A data variable is defined as a characteristic of interest about an individual element that varies from person to person or from group to group.
Recognizing the exact type of variable is essential in biomedical research, as it dictates how data is summarized, graphically presented, and statistically analyzed.
Variables are broadly classified into two major categories: Categorical (qualitative) and Numerical (quantitative) data.
Categorical (Qualitative) Variables
Categorical variables describe data in terms of a specific quality or categorization and fundamentally lack a unit of measurement.
Individuals are evaluated as belonging to specific, well-defined categories.
Subtype
Definition
Clinical Examples
Nominal
Categorical variables consisting of categories that have no intrinsic or natural sequence.
Blood groups (A, B, AB, O), sex (male, female), ethnicity, or nationality.
Ordinal
Categorical variables where the categories possess a meaningful, hierarchical order.
Disease severity (mild, moderate, severe), BMI status (underweight, normal, overweight, obese), or pain scales.
Binary (Dichotomous)
A specific type of nominal variable that restricts observations to one of only two possible states.
Dead/alive, diseased/healthy, or smoker/non-smoker.
Numerical (Quantitative) Variables
Numerical variables take numerical values to which standard arithmetic operations can be applied.
They are either systematically measured or counted and inherently possess a specific measurement unit.
Subtype
Definition
Clinical Examples
Discrete
Variables that take only integer values (whole numbers with no decimals); they typically represent a definitive count of items or events.
Number of children in a family, number of hospital visits, or number of teeth extracted.
Continuous
Variables that can take any real numerical value within a given range, including decimals; they involve exact physical measurements.
Weight (in kg), height (in cm), or fasting blood glucose level (in mg/dL).
Measurement Scales for Numerical Data
Numerical variables can be further delineated based on their absolute mathematical properties:
Interval Scale: An ordered numerical scale with the property that equal differences between levels reflect equal differences in the characteristic being measured; however, it lacks a true, absolute zero point (e.g., temperature measured in degrees Celsius).
Ratio Scale: An interval scale that features a fixed, true zero point indicating the complete and total absence of the measured quantity (e.g., weight, or temperature in degrees Kelvin).

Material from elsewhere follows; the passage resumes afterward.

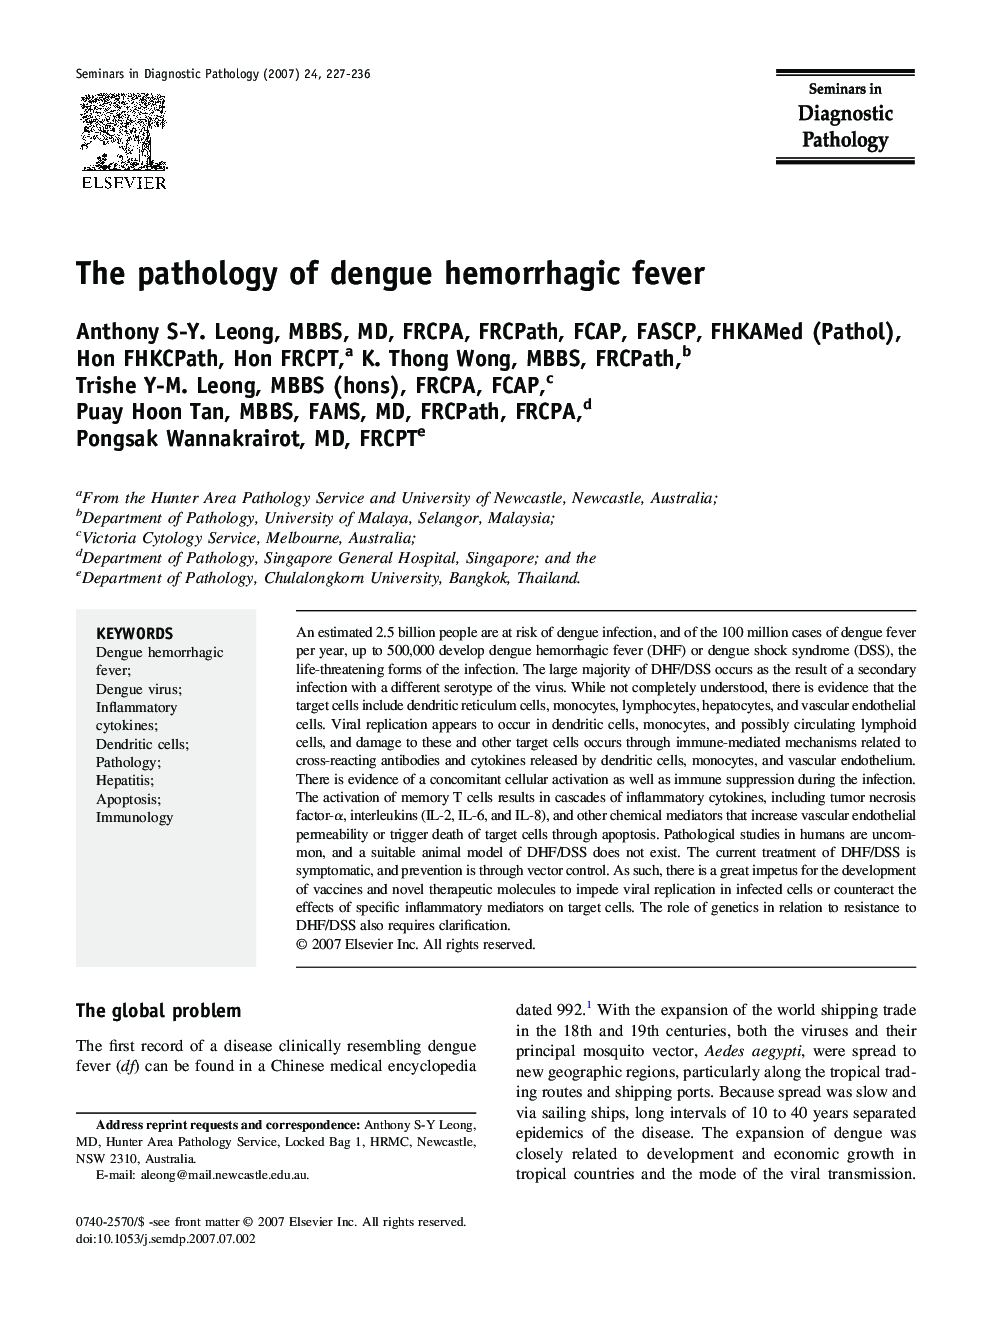 The pathology of dengue hemorrhagic fever

Explanatory and Response Variables
In the context of experimental design and regression analysis, variables are also categorized by their causal or associative relationships.
Independent Variable: Alternatively known as the explanatory or predictor variable; it is the factor that is either manipulated or observed to evaluate its potential effect on another variable.
Dependent Variable: Alternatively known as the response or outcome variable; it is the observed result or condition that is potentially caused or influenced by changes in the independent variable.
Levels of Data Measurement and Transformation
Data variables naturally exist within a hierarchy of measurement levels: numerical continuous → numerical discrete → ordinal → nominal.
It is statistically permissible to downgrade a variable to a lower level of measurement.
For instance, an exact continuous age can be grouped into an ordinal category (e.g., age groups like 11-20 or 21-30) or a nominal category (e.g., “young” vs. “old”).
However, it is impossible to transform data collected originally at a categorical level into a precise numerical form.
While categorizing continuous variables is common for descriptive convenience, it causes a significant loss of information and introduces extreme measurement error; therefore, researchers should prioritize collecting data at the highest numerical continuous level possible.